"""

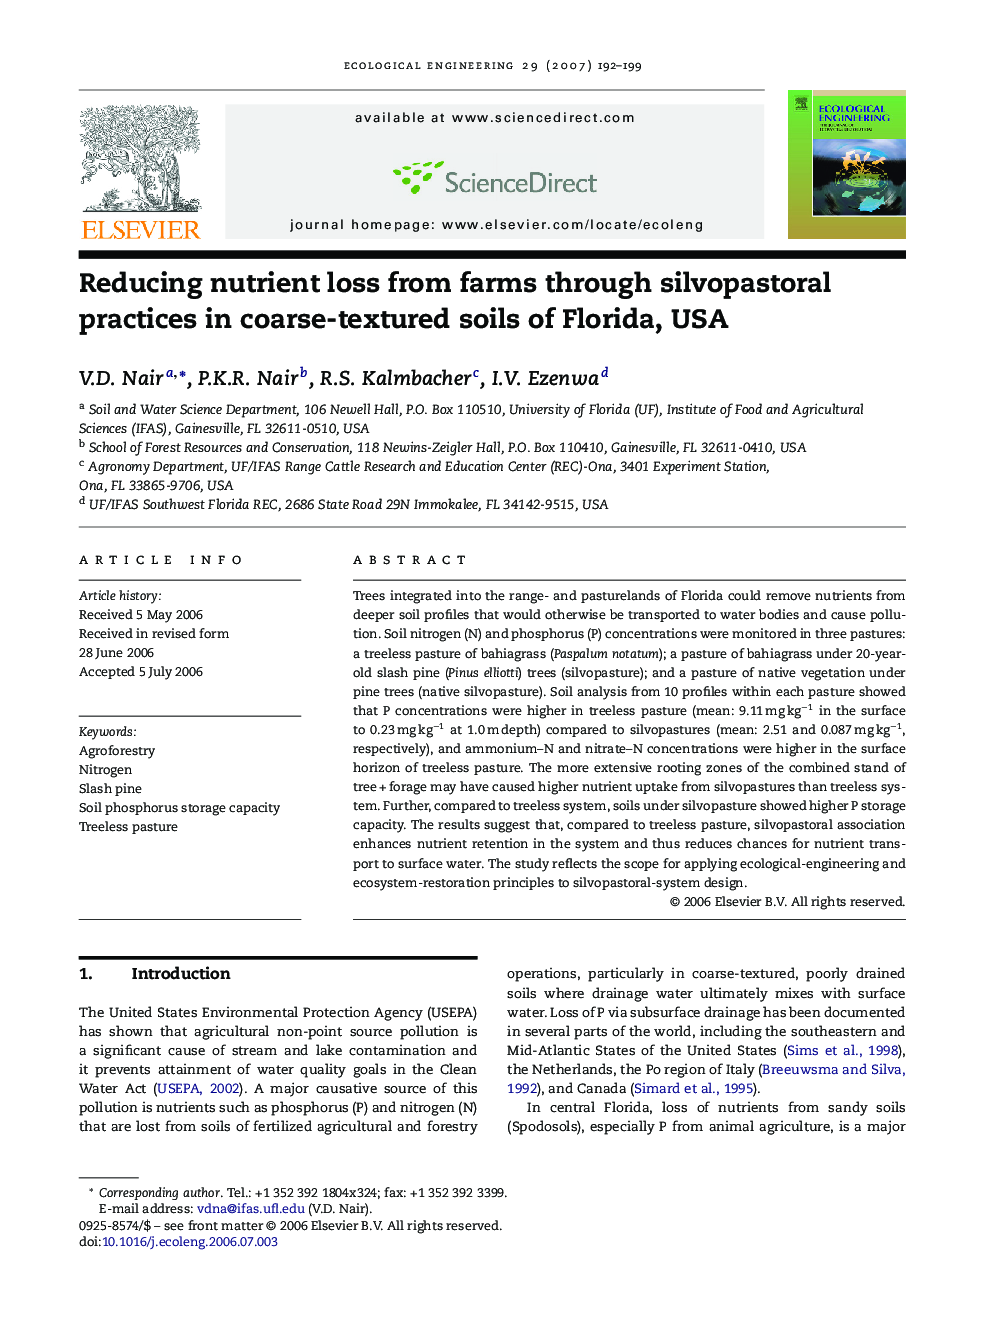 Reducing nutrient loss from farms through silvopastoral practices in coarse-textured soils of Florida, USA
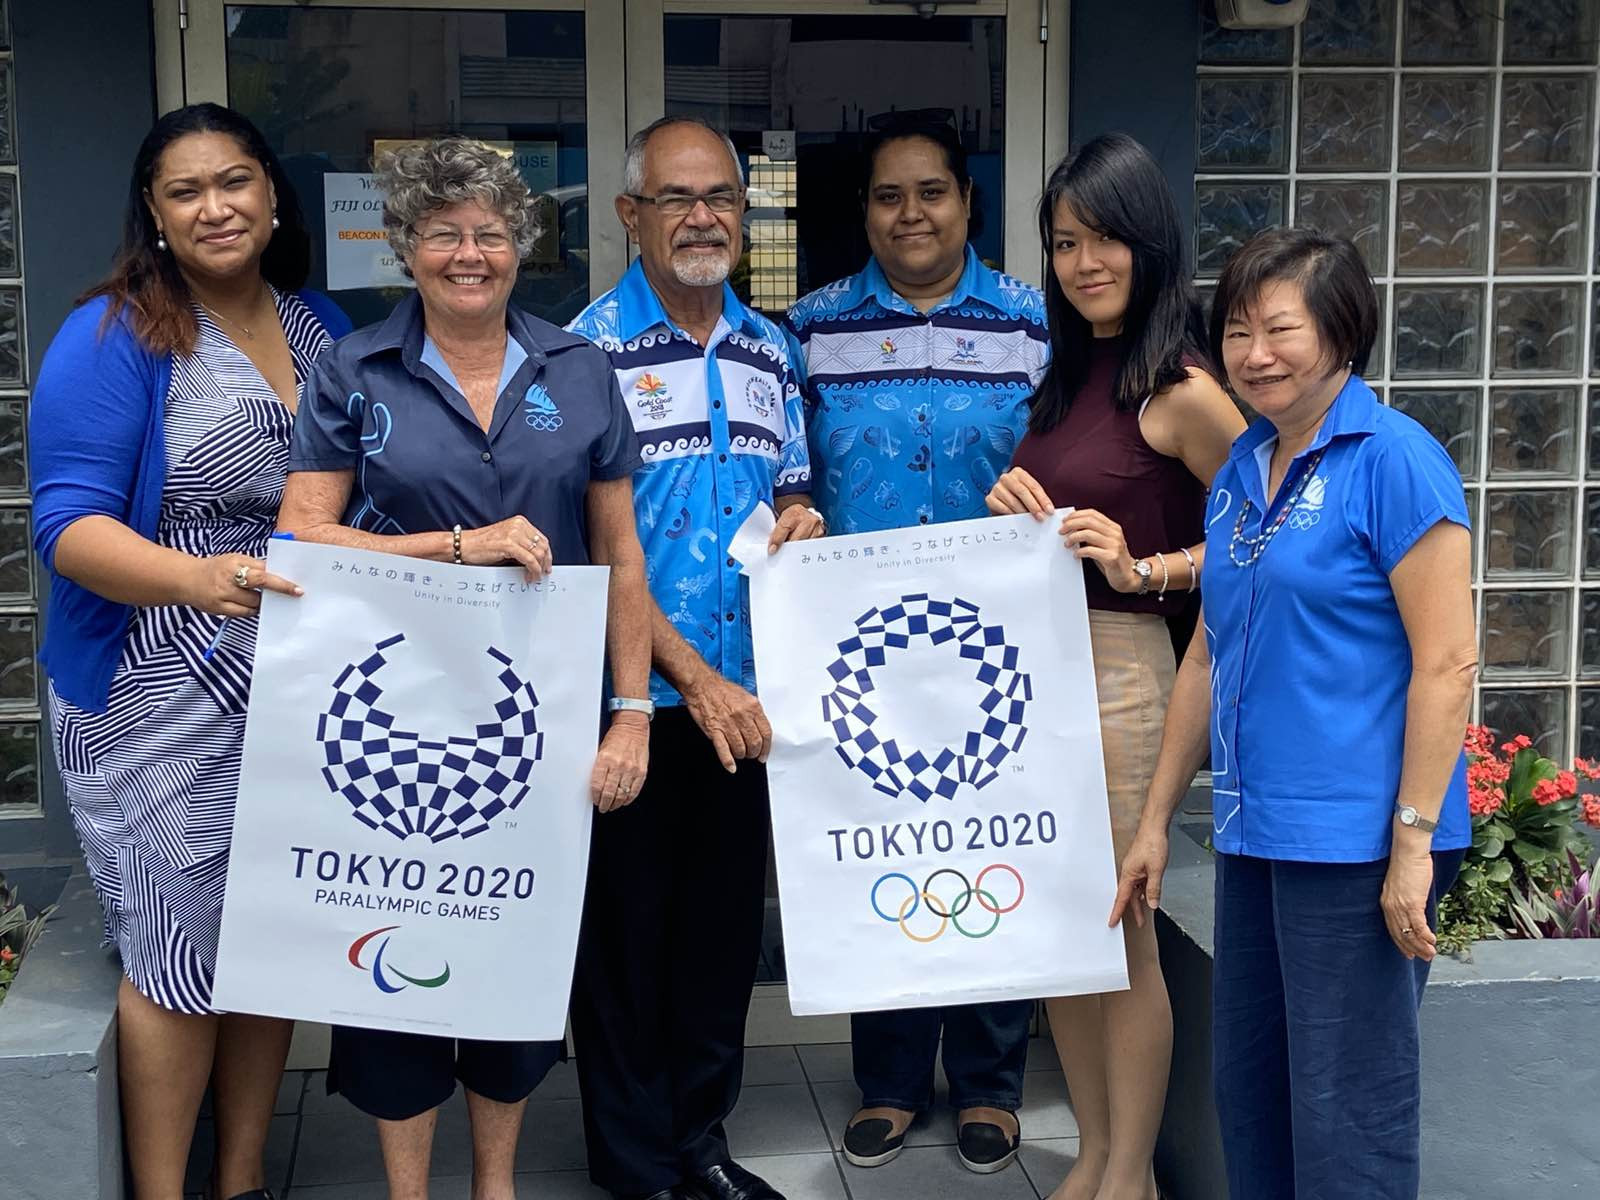 FASANOC hoping to send up to 50 athletes to Tokyo 2020
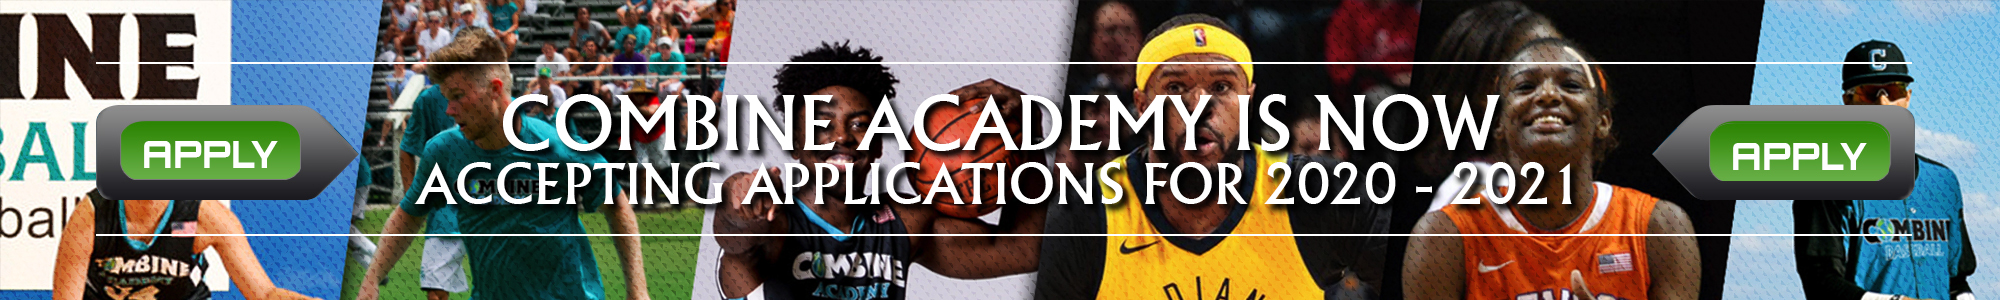 Combine Academy Accepting Applications
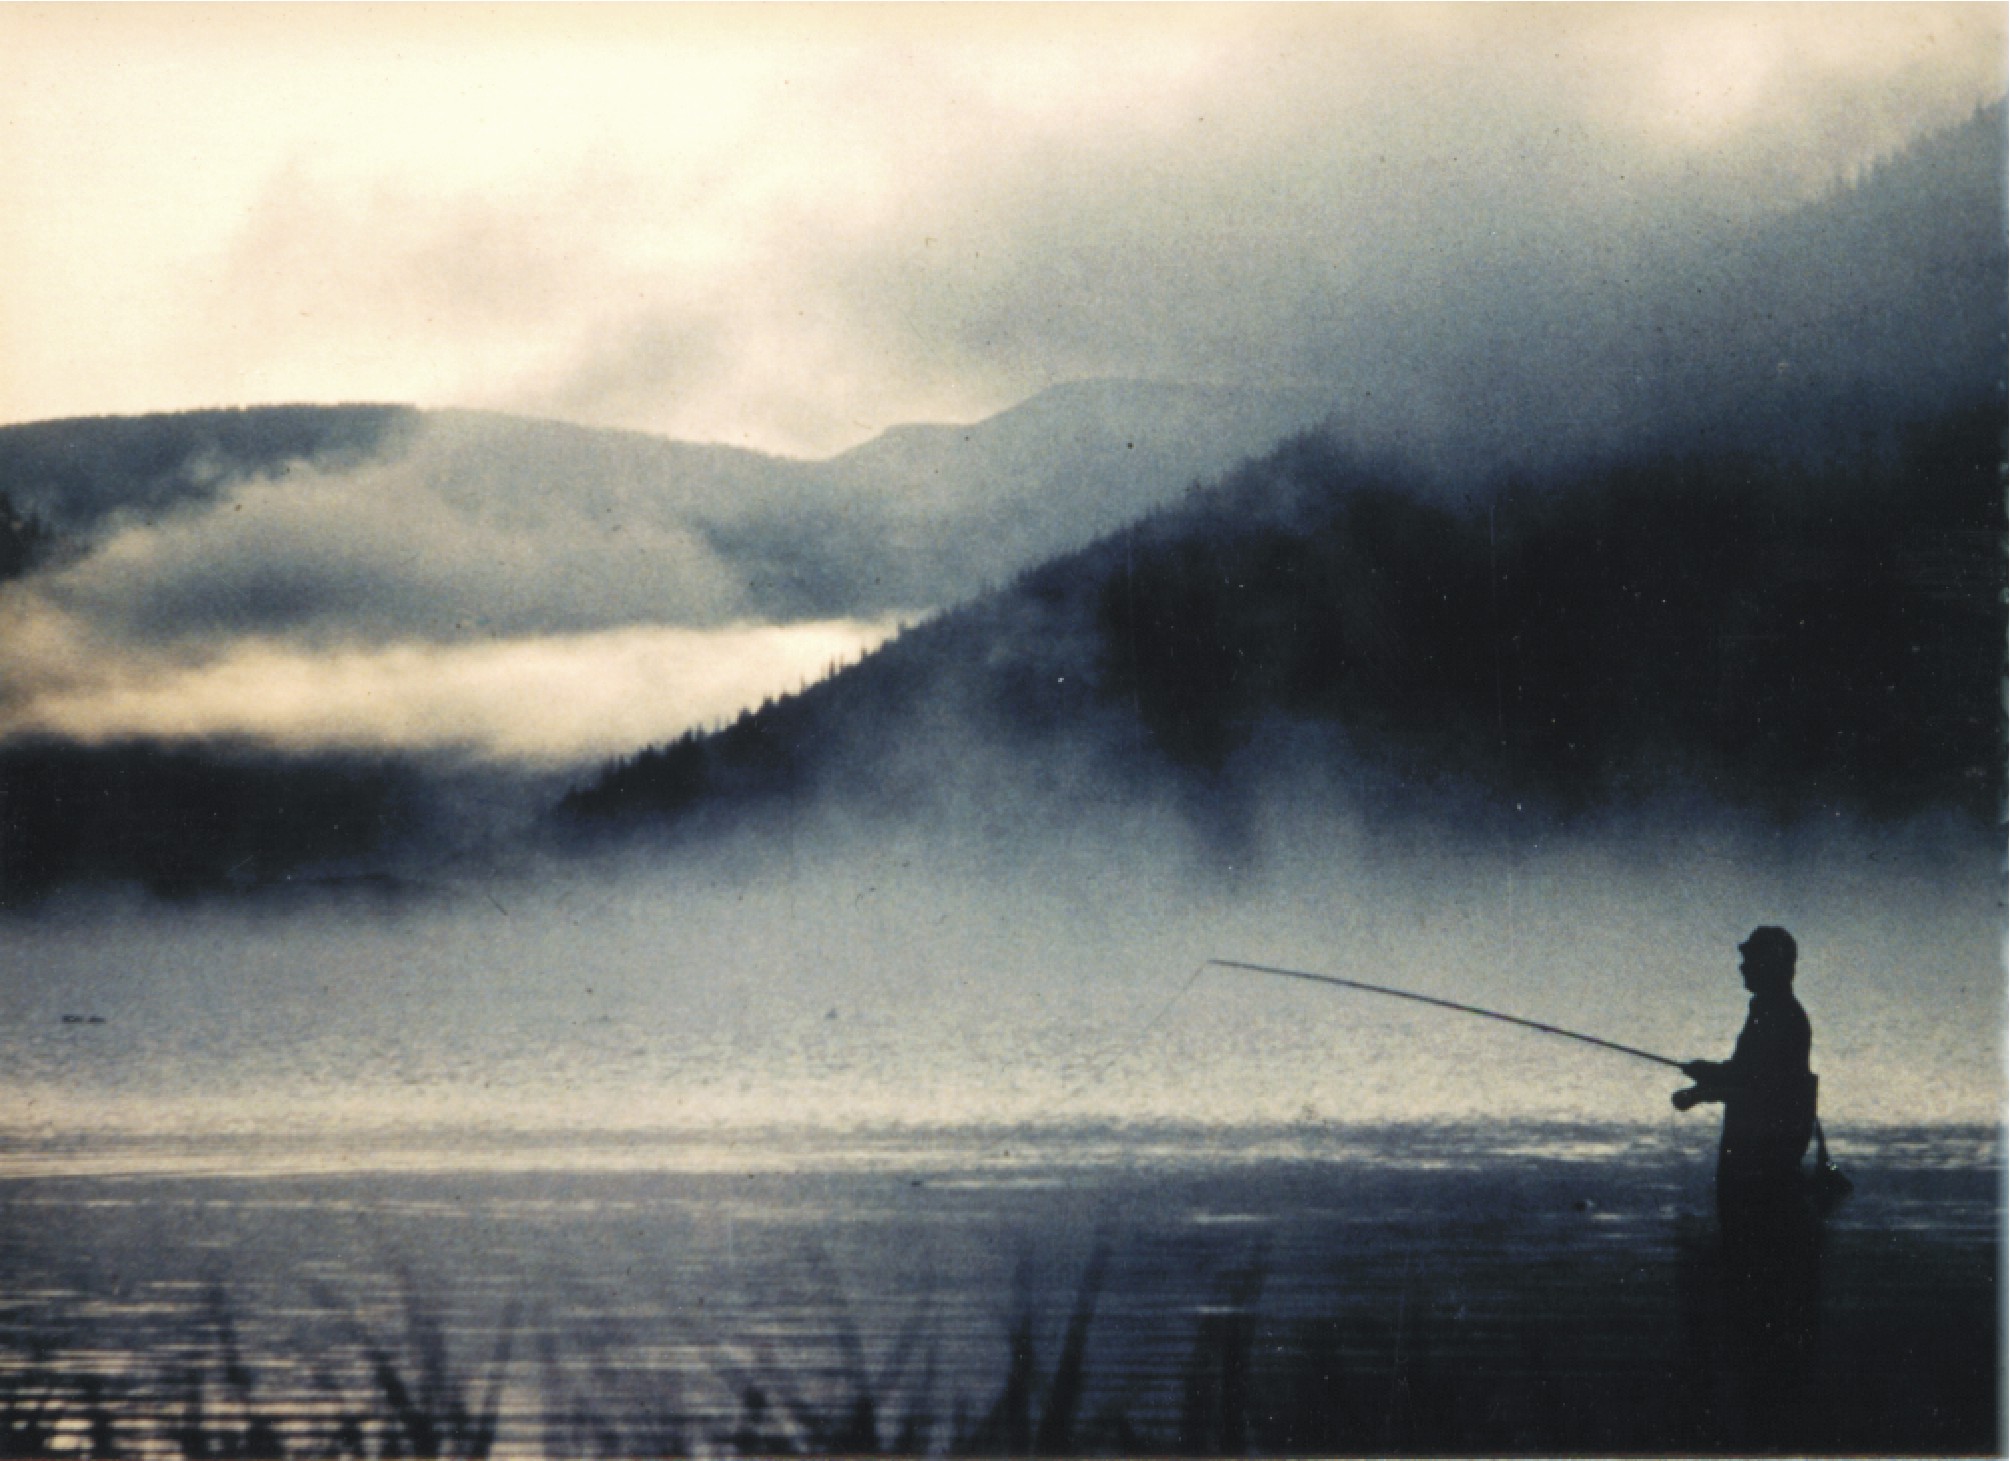 Fly fishing in the fog of Yampa River
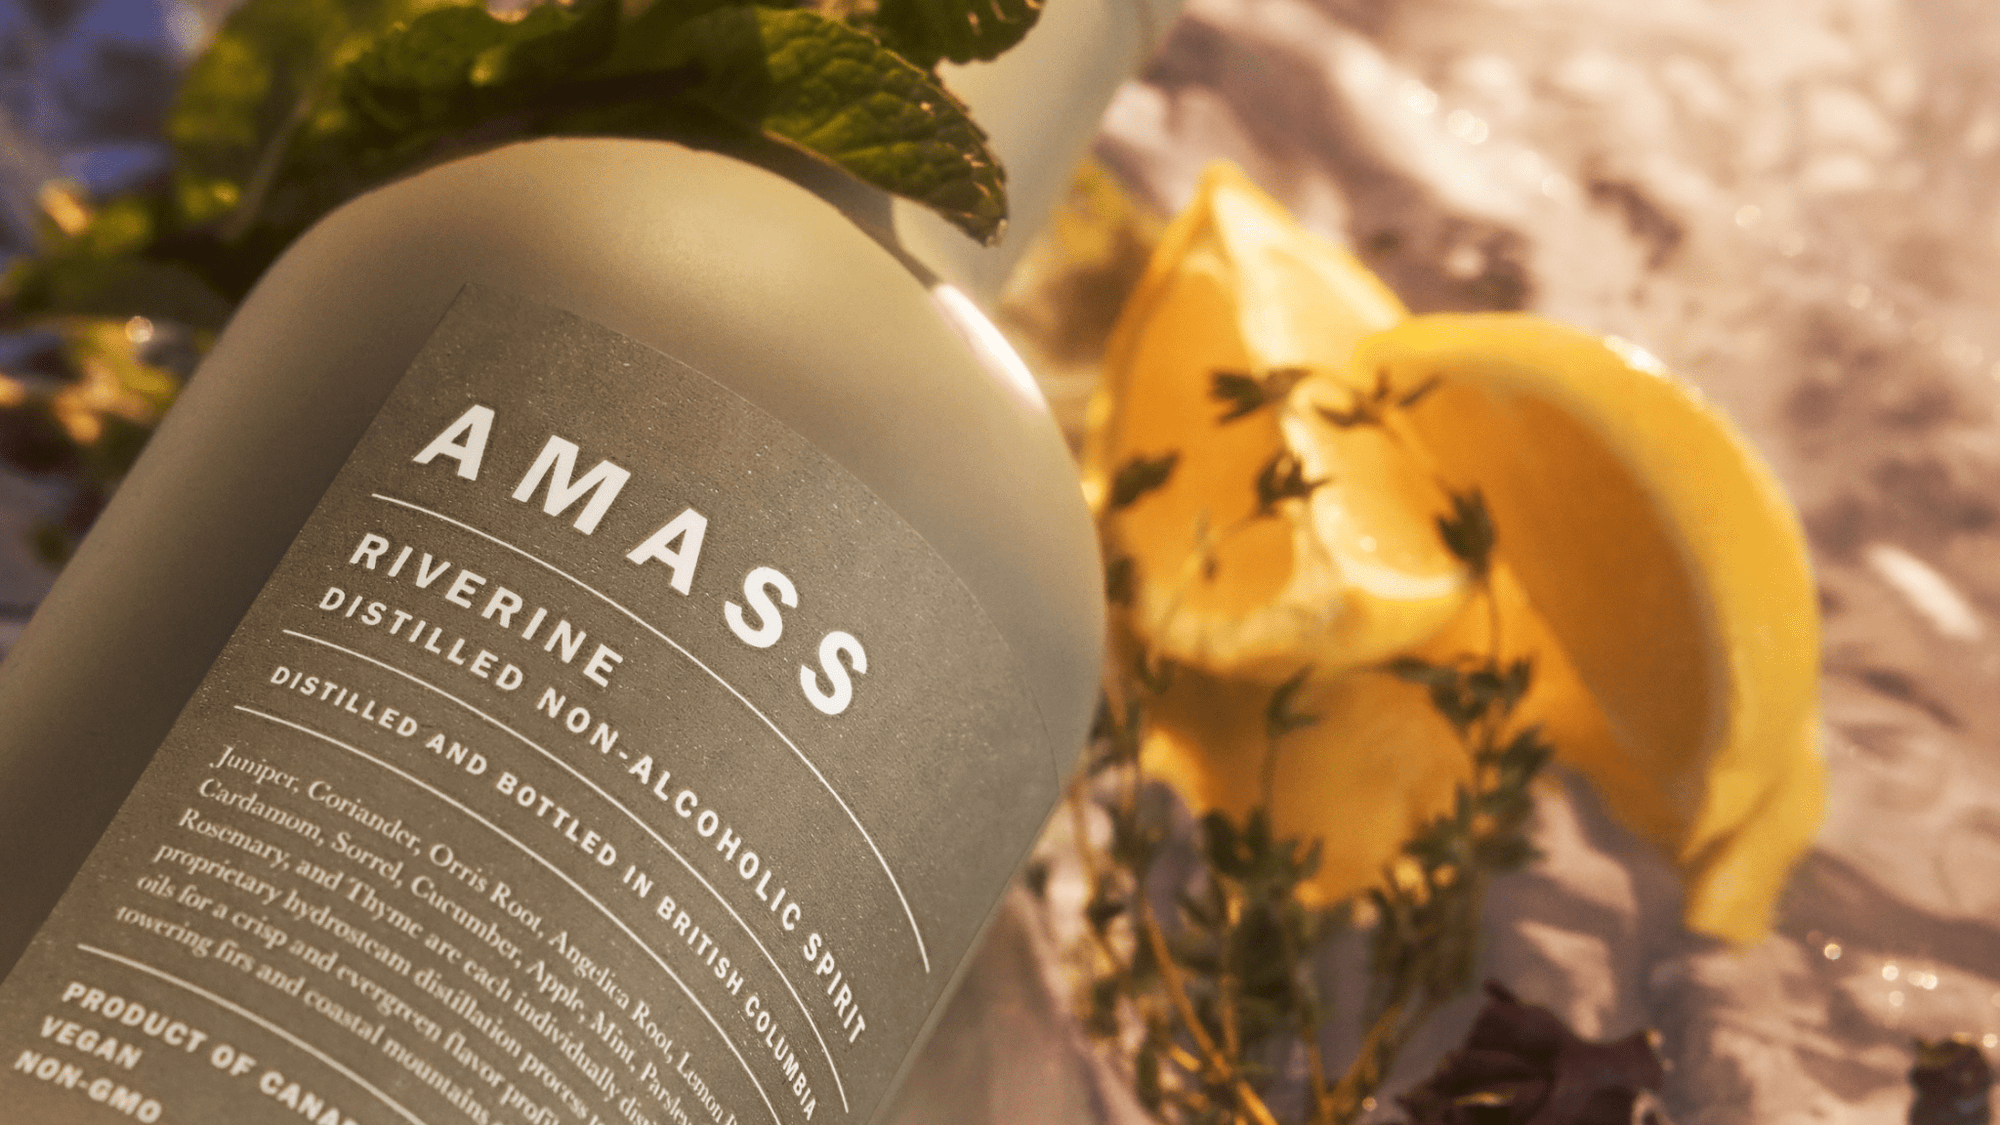 Q&A with Morgan McLachlan, co-founder and Master Distiller of AMASS botanics - Boisson

"""

## Requirement
The answer should match the material exactly, with every picture removed.

## Answer space
 Reducing nutrient loss from farms through silvopastoral practices in coarse-textured soils of Florida, USA
 FASANOC hoping to send up to 50 athletes to Tokyo 2020
 Combine Academy Accepting Applications
 Fly fishing in the fog of Yampa River
 Q&A with Morgan McLachlan, co-founder and Master Distiller of AMASS botanics - Boisson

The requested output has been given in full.